A Phase III clinical trial to assess if a potential vaccine is effective at preventing symptomatic COVID-19 is now open for enrollment by The University of Texas Health Science Center at Houston (UTHealth) in collaboration with Memorial Hermann-Texas Medical Center.
The study vaccine, AstraZeneca’s AZD1222, has been shown in early-stage human trials to produce a positive immune response. This trial seeks to enroll 30,000 individuals across the nation. The Houston research site is the UTHealth Clinical Research Unit at Memorial Hermann-Texas Medical Center.
“The global infectious disease research community has united to launch numerous research studies as we search for treatment and prevention strategies for this illness. The development of a vaccine for COVID-19 is a critical step to help us return to normal,” said Roberto C. Arduino, MD, the study’s lead investigator and professor of infectious disease with McGovern Medical School at UTHealth.
Participants must be 18 years or older, healthy or have medically stable chronic diseases, have no known history of SARS-CoV-2 infection, and be at increased risk of infection. This includes, for example, people with stable underlying medical conditions, those with a high risk of exposure at their work, those over age 65, residents of elder care facilities, or individuals from racial and ethnic groups that have been impacted in greater numbers by the pandemic, such as African Americans, Latinx, and Native Americans.
Trial participants will be administered two doses of either the experimental vaccine or placebo (sterile salt water) four weeks apart. Preliminary data has suggested that a single dose can provoke the two main mechanisms of the adaptive immune system – the humoral and cellular immune responses.
Humoral immunity is also known as antibody-mediated immunity, which are antibodies primed to attack the SARS-CoV-2, the virus that causes COVID-19, if the person is in contact with the virus after the vaccination. Cellular immunity relies on T lymphocytes (white blood cells) to attack cells infected with SARS-CoV-2 virus. T lymphocytes, often called T cells, are responsible for conferring long-term immunological memory. Adaptive immunity is acquired through either infection or a vaccination. The early research also revealed that after the second dose of the vaccine, the body’s antibody response was heightened.

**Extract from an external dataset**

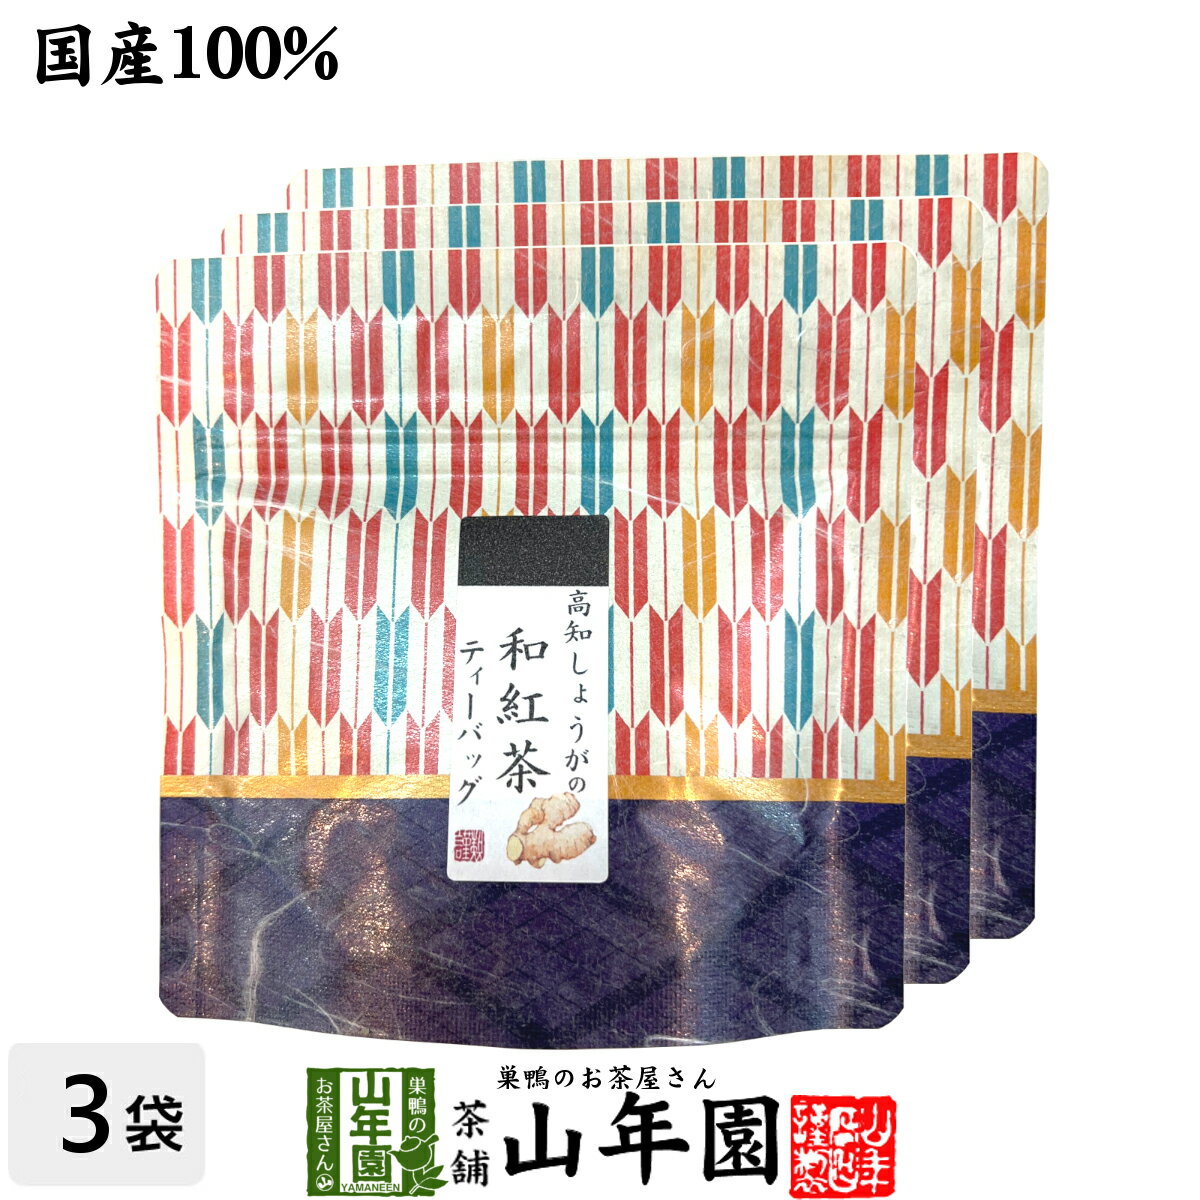 【国産100%】高知しょうがの和紅茶 2g×5パック×3袋セット送料無料 静岡県産紅茶 高知県産しょうが 国産 生姜 日本茶 …

Participants will be randomized in a 2:1 ratio with roughly 20,000 participants receiving two doses of the AZD1222 vaccine and 10,000 receiving two doses of a placebo. The trial is double-blind, meaning neither patients nor researchers know what study group participants are placed in.

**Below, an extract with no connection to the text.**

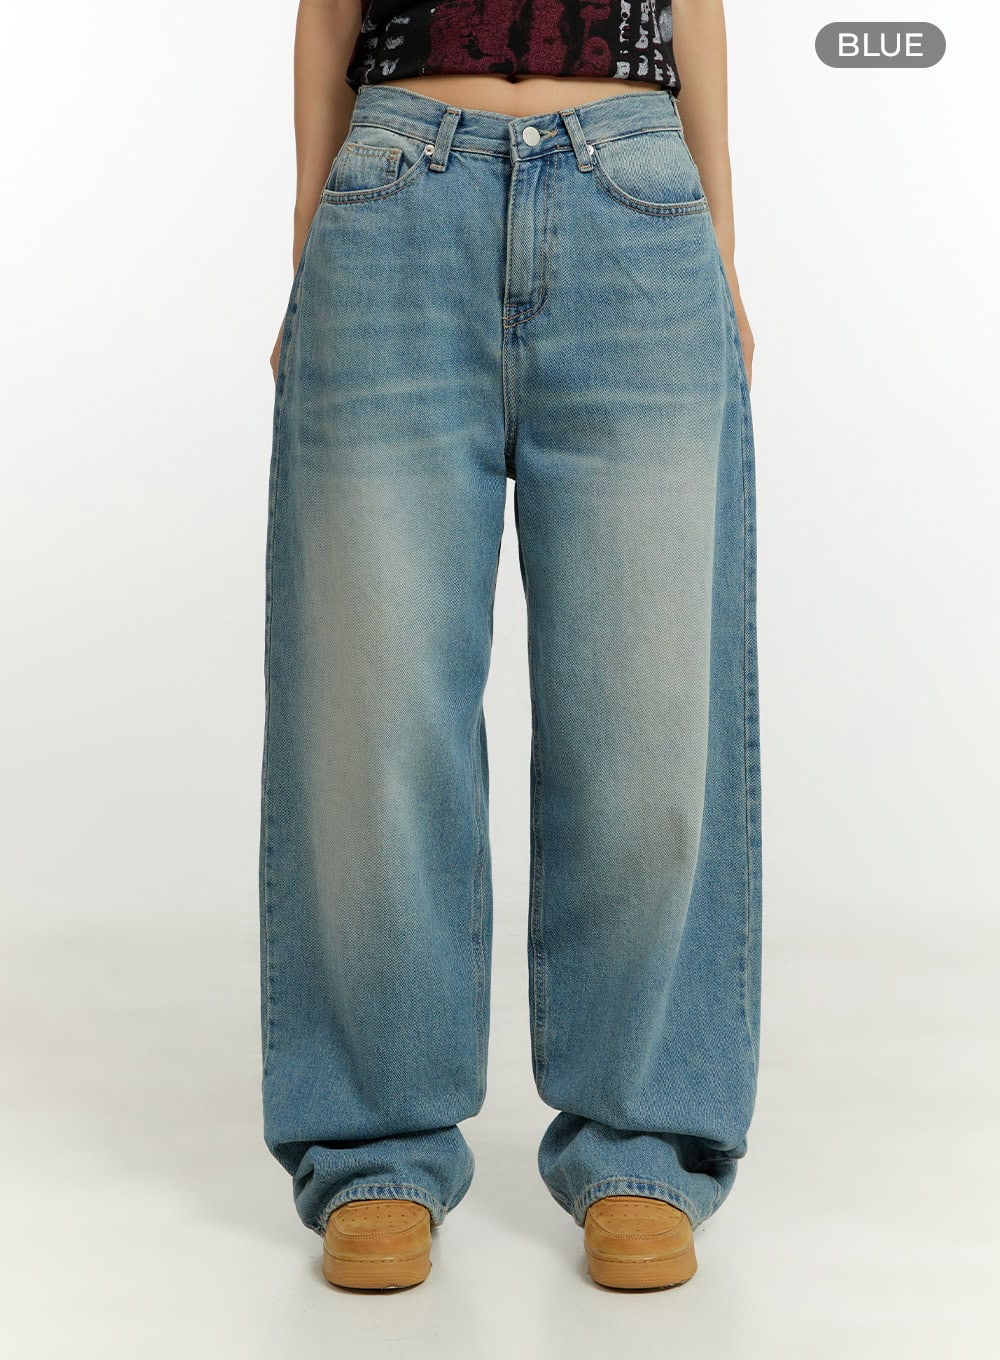 loose-fit-baggy-jeans-cu426

The vaccine was developed by the University of Oxford and is composed of a weakened and nonreplicating version of the chimpanzee adenovirus that causes the common cold, which contains the genetic material encoding for the spike protein of the SARS-CoV-2 virus. This surface protein gives coronavirus its crownlike appearance and allows it to attach to and enter cells. The investigational vaccine is designed to promote the development of antibodies against the spike protein and prevent it from entering cells.
“This vaccine study is pivotal toward controlling the COVID-19 pandemic and it’s important that we reach out to the members of our community who have been especially impacted by this illness,” said Jonatan Gioia, MD, a research associate at McGovern Medical School at UTHealth and a project manager for the trial. Other co-investigators from McGovern Medical School include Carmel B. Dyer, MD, and Jessica Lee, MD, MS.
To enroll in this trial visit https://www.coronaviruspreventionnetwork.org/clinical-study-volunteer/ (Site code: HART).
The National Institute of Allergy and Infectious Diseases (NIAID), part of the National Institutes of Health, and the Biomedical Advanced Research and Development Authority (BARDA), part of the U.S. Department of Health and Human Services’ Office of the Assistant Secretary for Preparedness and Response, are providing funding support for the trial.